ABOUT THIS EXERCISE ▸ Every line from the one with "Leather boots Lanvin" through the last line below should be repeated exactly; pictures stay out of the copy.

DATASET EXTRACT ▸
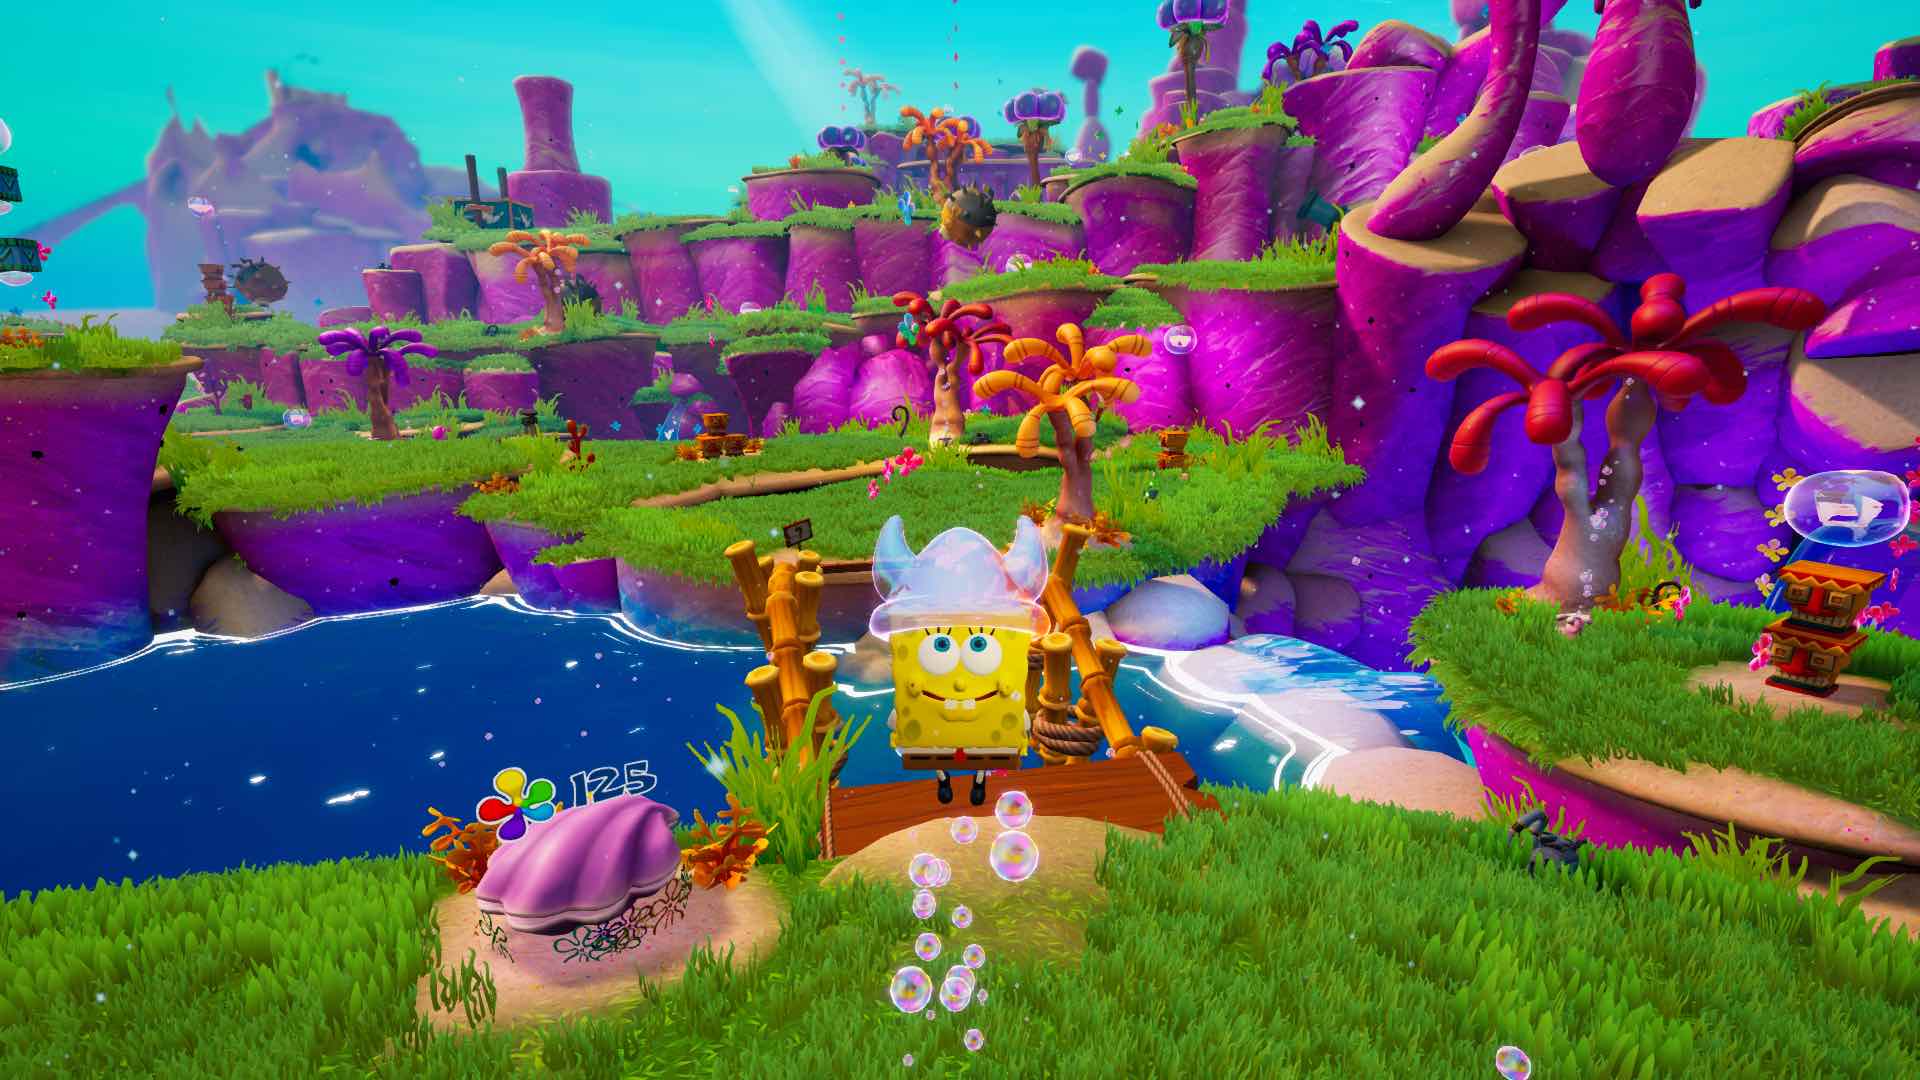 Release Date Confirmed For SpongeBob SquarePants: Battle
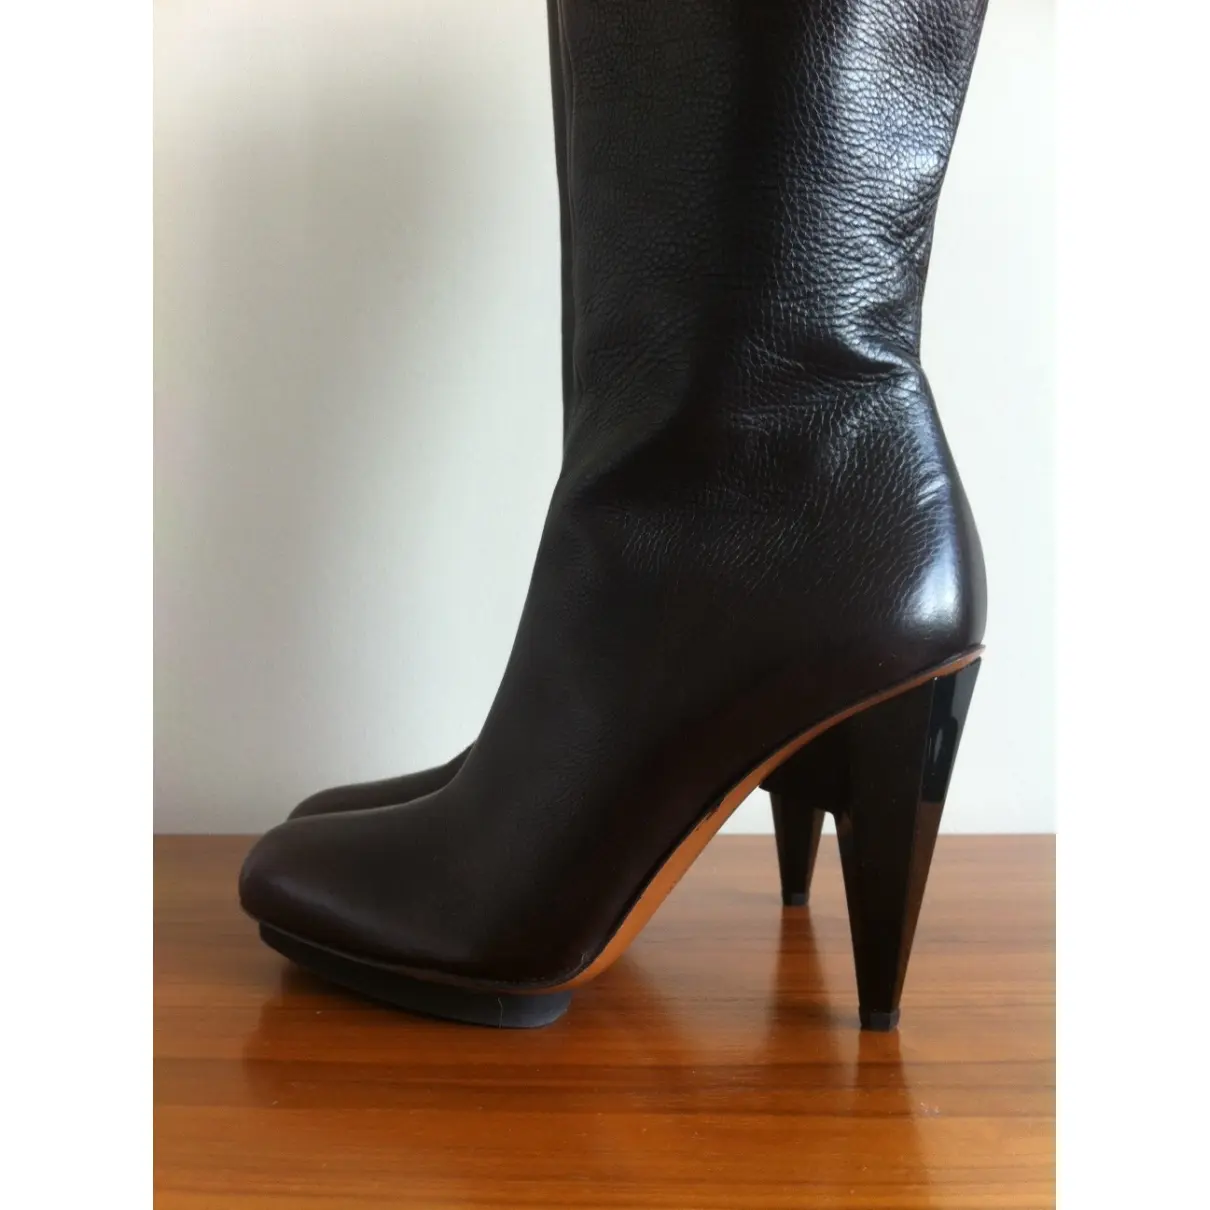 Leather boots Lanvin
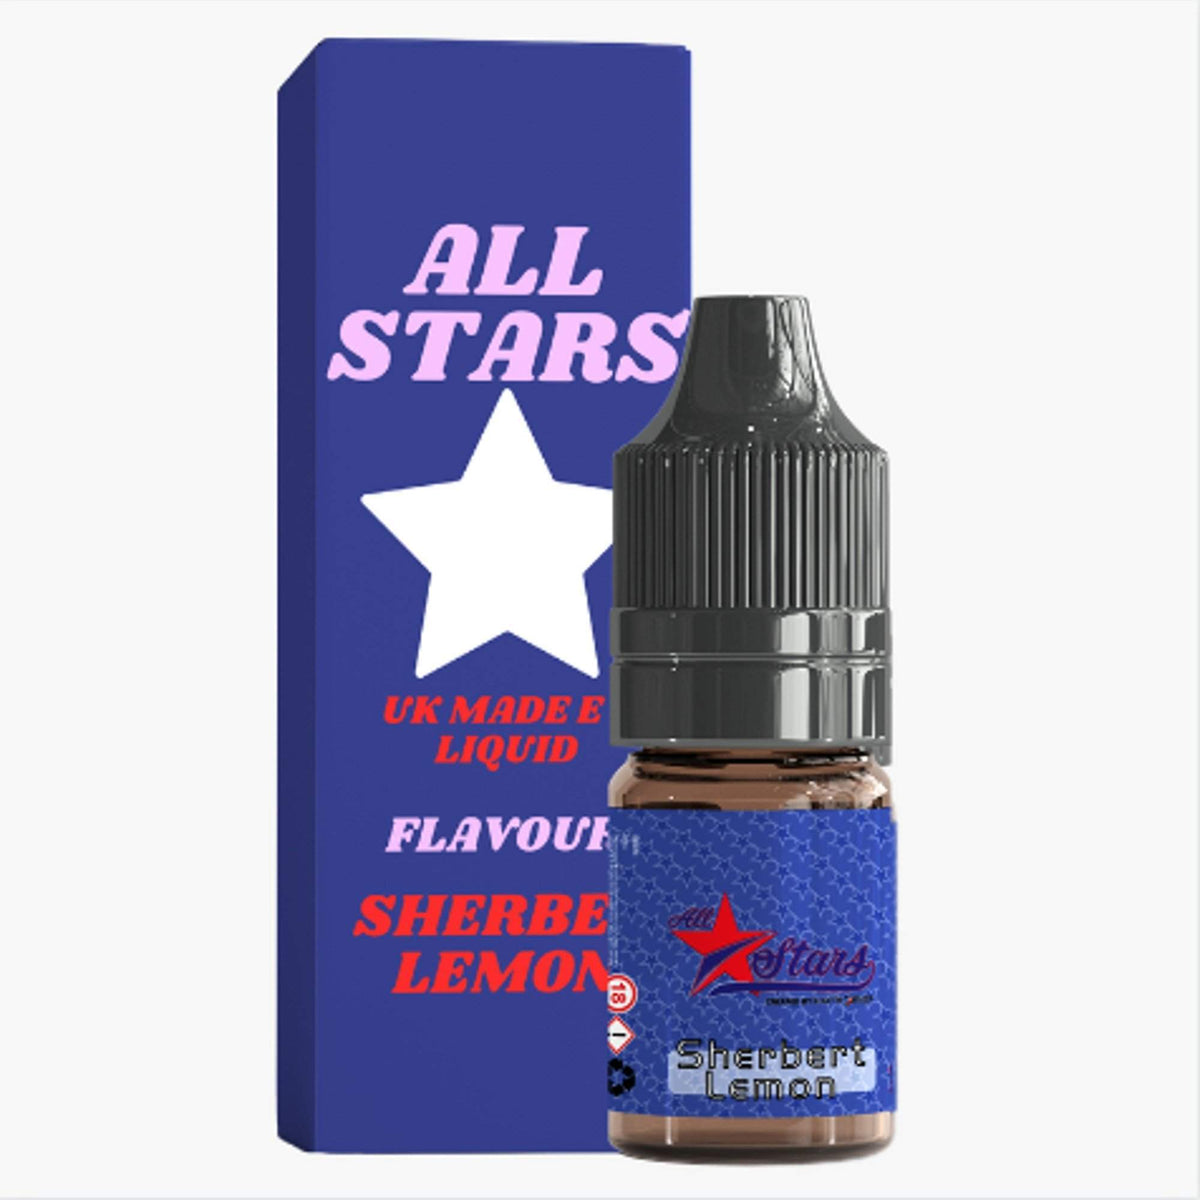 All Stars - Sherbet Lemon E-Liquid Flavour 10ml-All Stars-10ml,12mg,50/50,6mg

SOLUTION TO THE EXERCISE ▸
 Leather boots Lanvin
 All Stars - Sherbet Lemon E-Liquid Flavour 10ml-All Stars-10ml,12mg,50/50,6mg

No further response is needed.